Aside from the likes of Zeditave in the female line, going way back we find the strong presence of a British sprint god in Gold Bridge, appearing on both sides in the pedigree of Paris Miss’s dam Diamonds, five generations earlier (therefore eight back from Elite Street).
Gold Bridge, born in 1929, won no fewer than 12 major sprints, including Royal Ascot’s King’s Stand Stakes twice and a Nunthorpe Stakes. He was equally as successful at stud, siring outstanding sprinters such as Golden Cloud (Nunthorpe) and Vilmorin (King’s Stand) and becoming the sire of Rough Shod, who became a blue hen broodmare in the US (Ridan, Moccasin, Lt Stevens, etc.).
While the Andersons inherited Elite Street, they are hopeful of more success from his dam Elite Ateates (who while owned in the west has never left the eastern states).
Her colt promising more ample speed – by Nicconi – sold for $160,000 at this year’s Magic Millions Yearling Sale in Perth. Named Elite Icon, the now two-year-old is reportedly showing considerable promise for Tony and Calvin McEvoy in South Australia.
Elite Ateates also has a yearling filly with the promise of a longer distance by Dundeel. There’s now a colt on the ground from the first crop of Blue Diamond-winning sprinter Written By, and Elite Ateates was recently covered by multiple Group 1-winning US stallion Omaha Beach in his first season in Australia.

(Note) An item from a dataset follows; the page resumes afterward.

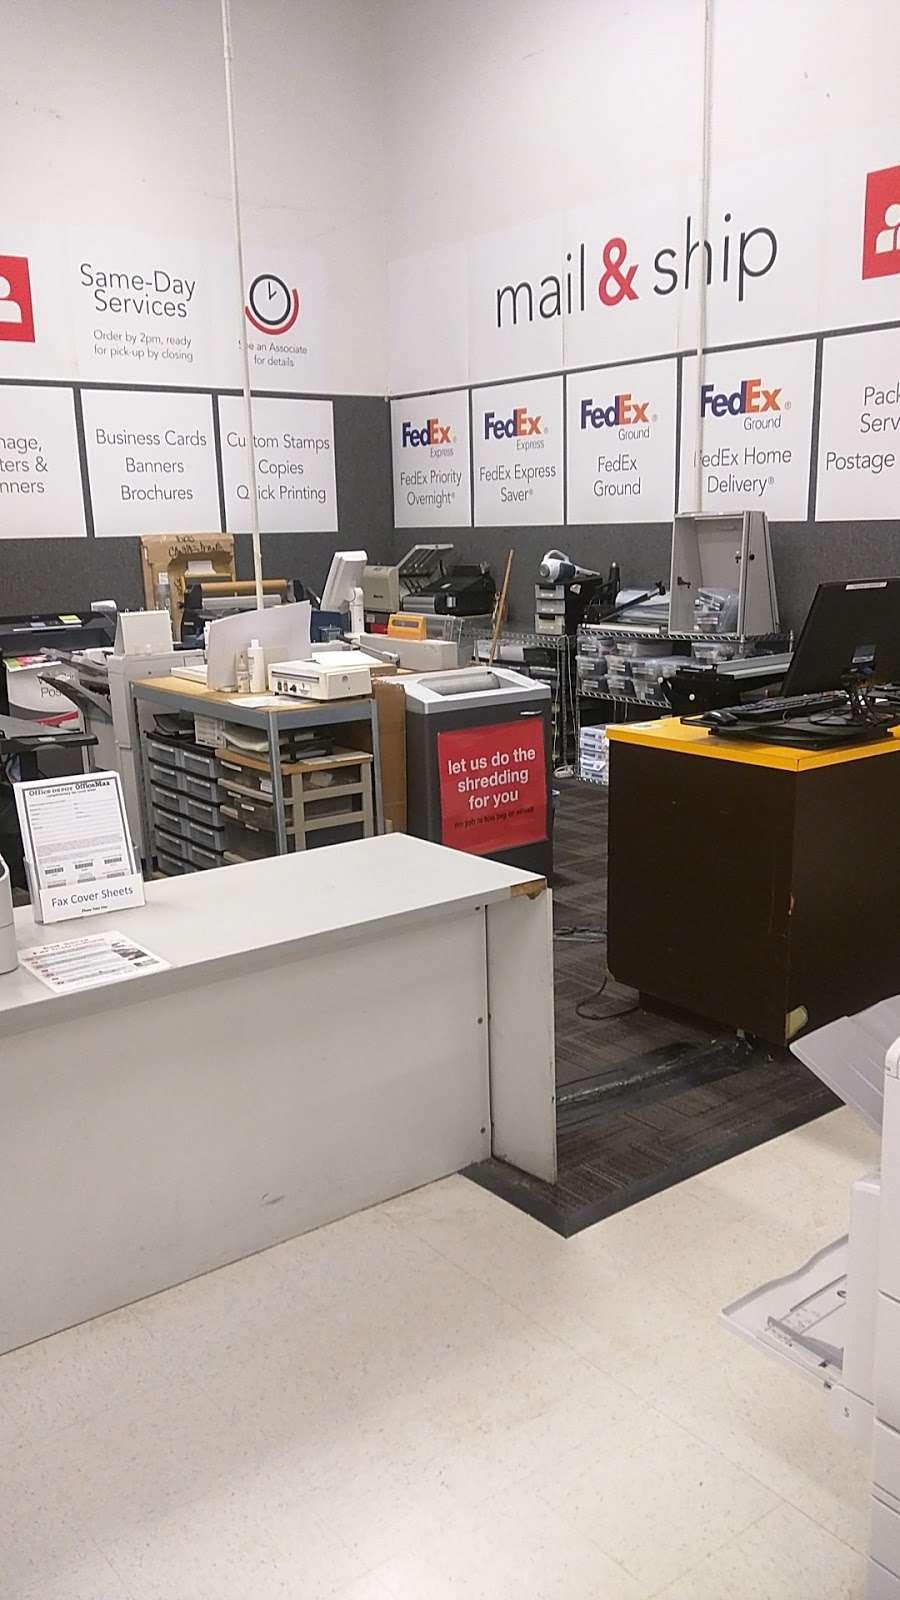 Office Depot - furniture store  | Photo 10 of 10 | Address: 12275 Price Club Plaza #C, Fairfax, VA 22030, USA | Phone: (703) 830-7773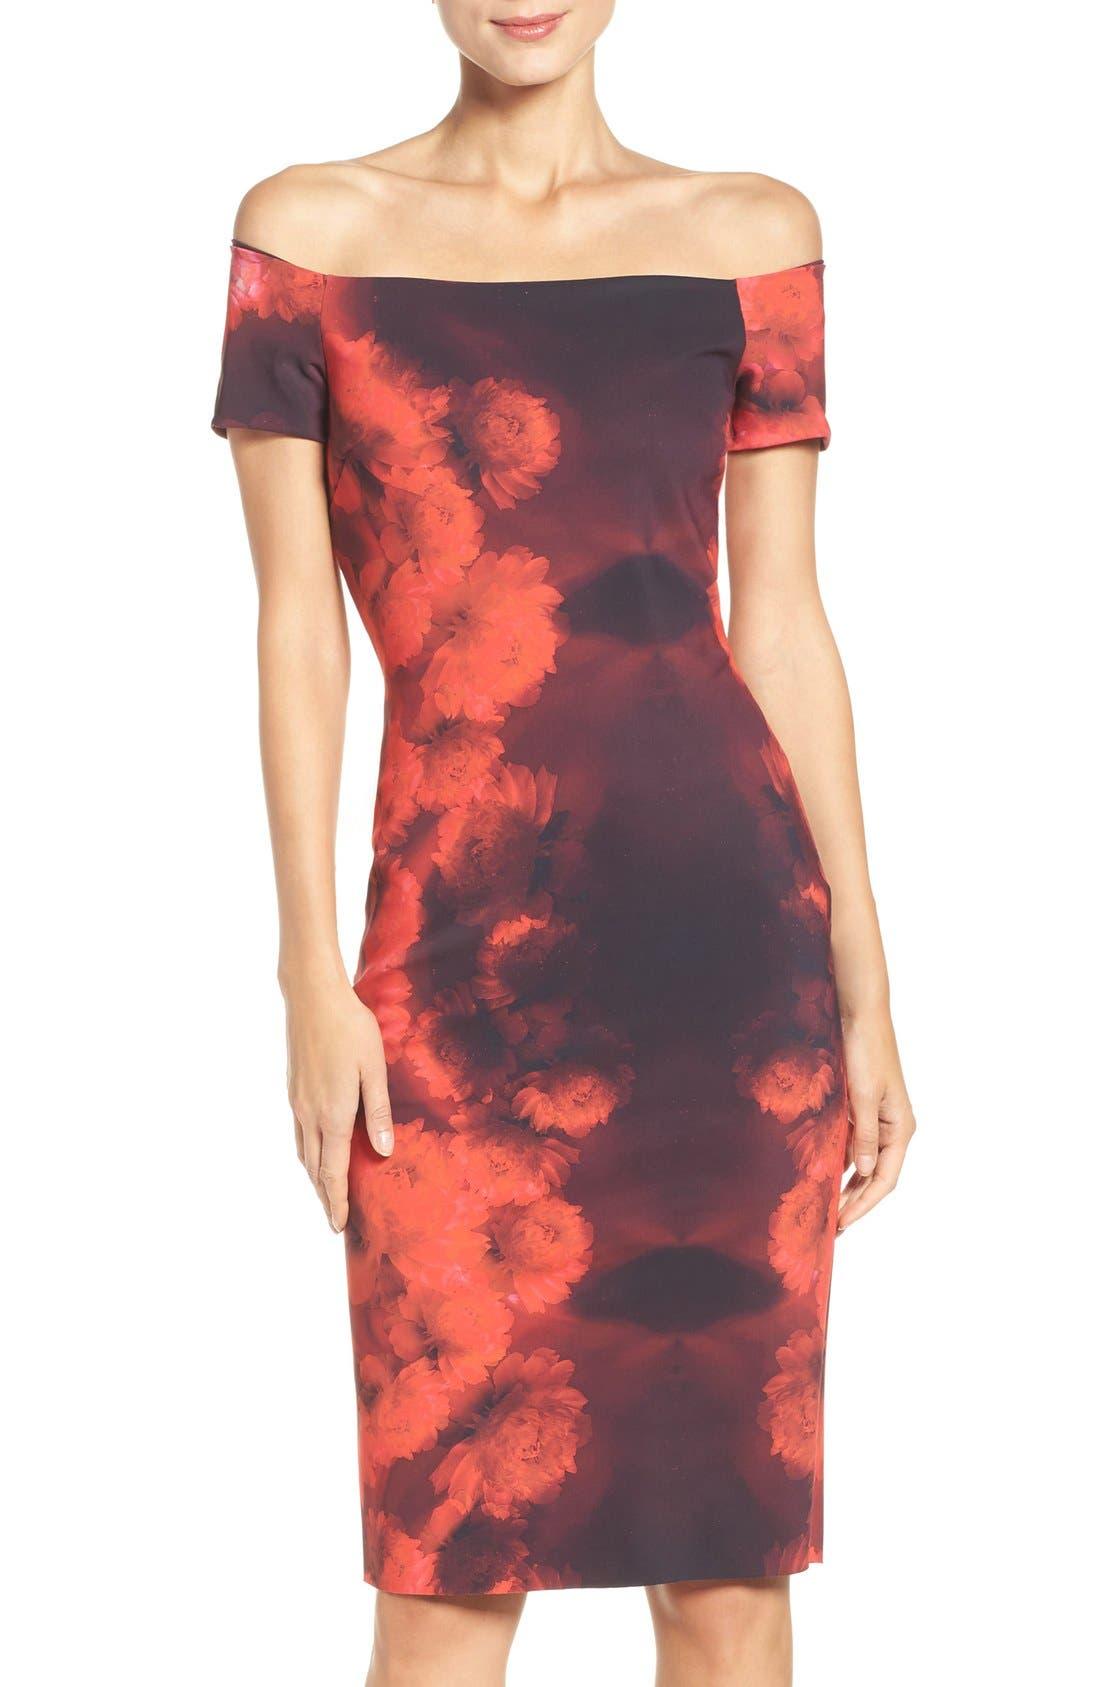 Alternate Image 1 Selected - Chiara Boni La Petite Robe Lyris Print Sheath Dress

“Elite Icon is a very nice looking colt and the McEvoys like him a lot, I hear,” Anderson says.
“We’re very happy to have the Dundeel filly. I think he’s a great Classic producer, so we might keep that one and try to continue the line. There’s the colt by Written By on the ground, and we’re excited by the mating with Omaha Beach. He was a world–class racehorse, with a world-class pedigree, and we’re lucky to have access to him in Australia.”
Elite Street might not have been the punters’ choice when prevailing at the $31 in the Winterbottom, as local hero William Pike’s odds-on mount Trekking battled into fourth. But after the sprinter’s arduous passage to even get to the racetrack, it was a more than fitting reward for the Andersons after four decades in breeding.